Each day enough energy falls to the Earth to supply the planet’s six billion inhabitants for twenty five years. We’ve hardly begun to tap into it. And that’s from the US Department of Energy. We don’t have an energy shortage; we just haven’t applied ourselves to it.
Every car coming to our site comes past our Waste Neutral compound because we’re proud of what we do. We don’t want to hide our waste compound behind us. We don’t want to hide sewage treatment works behind us.
I live next to a sewage treatment works. I’m not NIMBY (not in my back yard), I’m a YIMBY (Yes In My Back Yard). Because I consume energy, I produce waste, I produce sewage. I need it treated.

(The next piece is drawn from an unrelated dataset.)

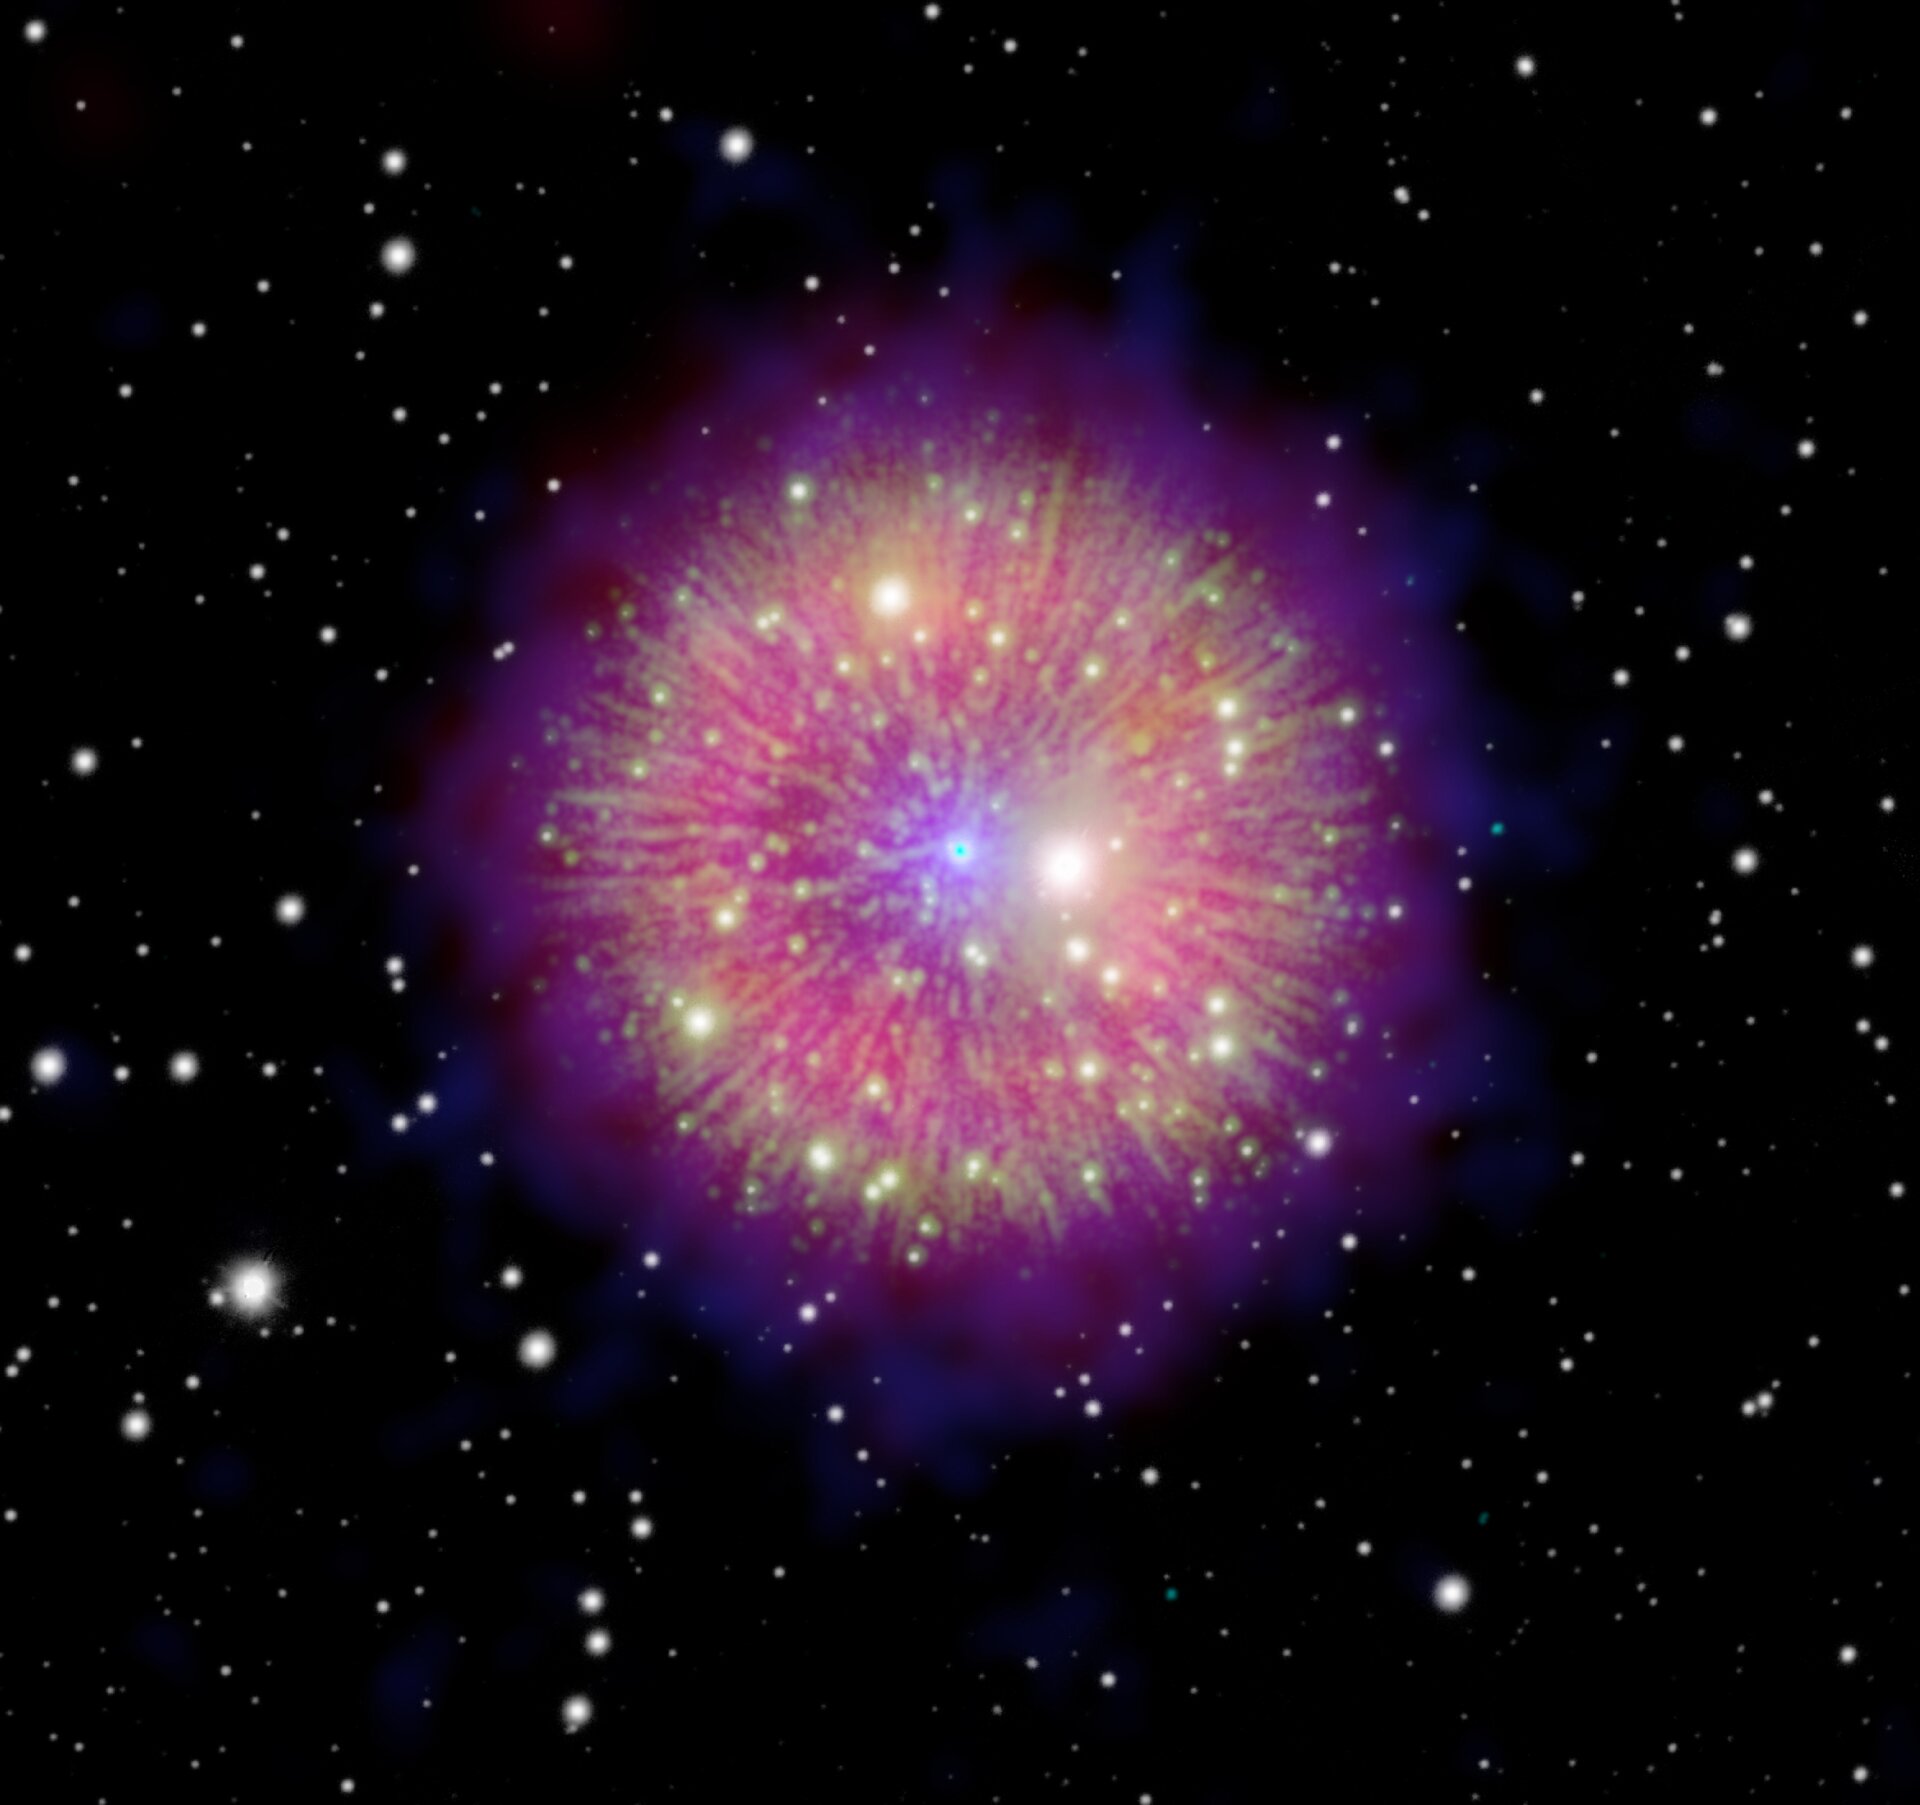 Kompozitna fotografija pokazuje ostatke supernove 1181, u čijem središtu dominira sjajna sferna maglica, okružena poljem bijelih zvijezda nalik na točkice. Iz središnje zvijezde maglice izbijaju zrake poput vatrometa, stvarajući efekt svemirskog pirotehničkog showa. Zasluge za fotografiju idu G. Ferrandu i J. Englishu s Sveučilišta u Manitobi, uz suradnju NASA-inih projekata Chandra i WISE, ESA-inog XMM-a, MDM/R.Fessena s Dartmouth Collegea, te Pan-STARRS-a.
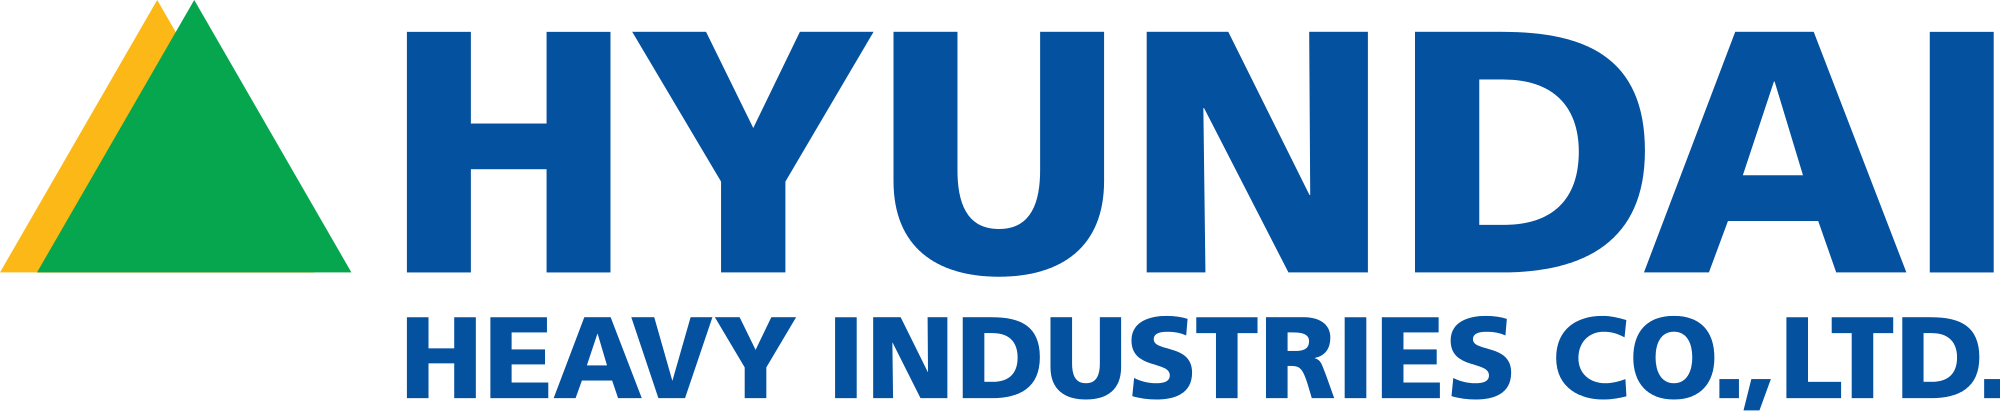 Hyundai Industries

So therefore every community needs to have these things in them.
When you get in there, understand your waste. The only way Eden could do it was to get in there. We pulled every single bin bag to pieces over a five-day period. Five different days through the peak of summer, we went through every bin bag and weighed everything - that helped us design the system to manage our waste.
We used to send a ton of food waste to landfill every day. Now, for every ton we put in our composter, we get 100 kilos of lovely stuff that we put back on our plants. It’s not rocket science.
It’s everybody’s responsibility. Don’t say it’s just children - this is one that drives every potty. “Oh it’s alright. We’ll leave it to the children. We’ll just educate them and they’ll sort it all out and we’ll carry on blasting away and consuming, consuming!” Rubbish! It’s all of us now. Every single one of us, and then the kids will go, “Brilliant, well done. We can do anything. Let’s do it.” (Applause)
But you have to get in, you have to be in the House of Commons as well giving evidence and putting suits and ties on. People used to say to me, “Why are you putting on a suit? You’re spending too much time up there with a suit and tie on and not your wet suit on.” That was rubbish. You had to have the wetsuit that enabled you to get called in front of a House of Commons Select Committee and then you put a suit and tie on. You give respect. The last thing you want someone saying is, “He’s a scruffy urchin,” and being able to diss you because you don’t comply.
Comply with all of it. Anything they want because you know what’s inside here. Nothing’s changed. But play the game. Play the game better than they do.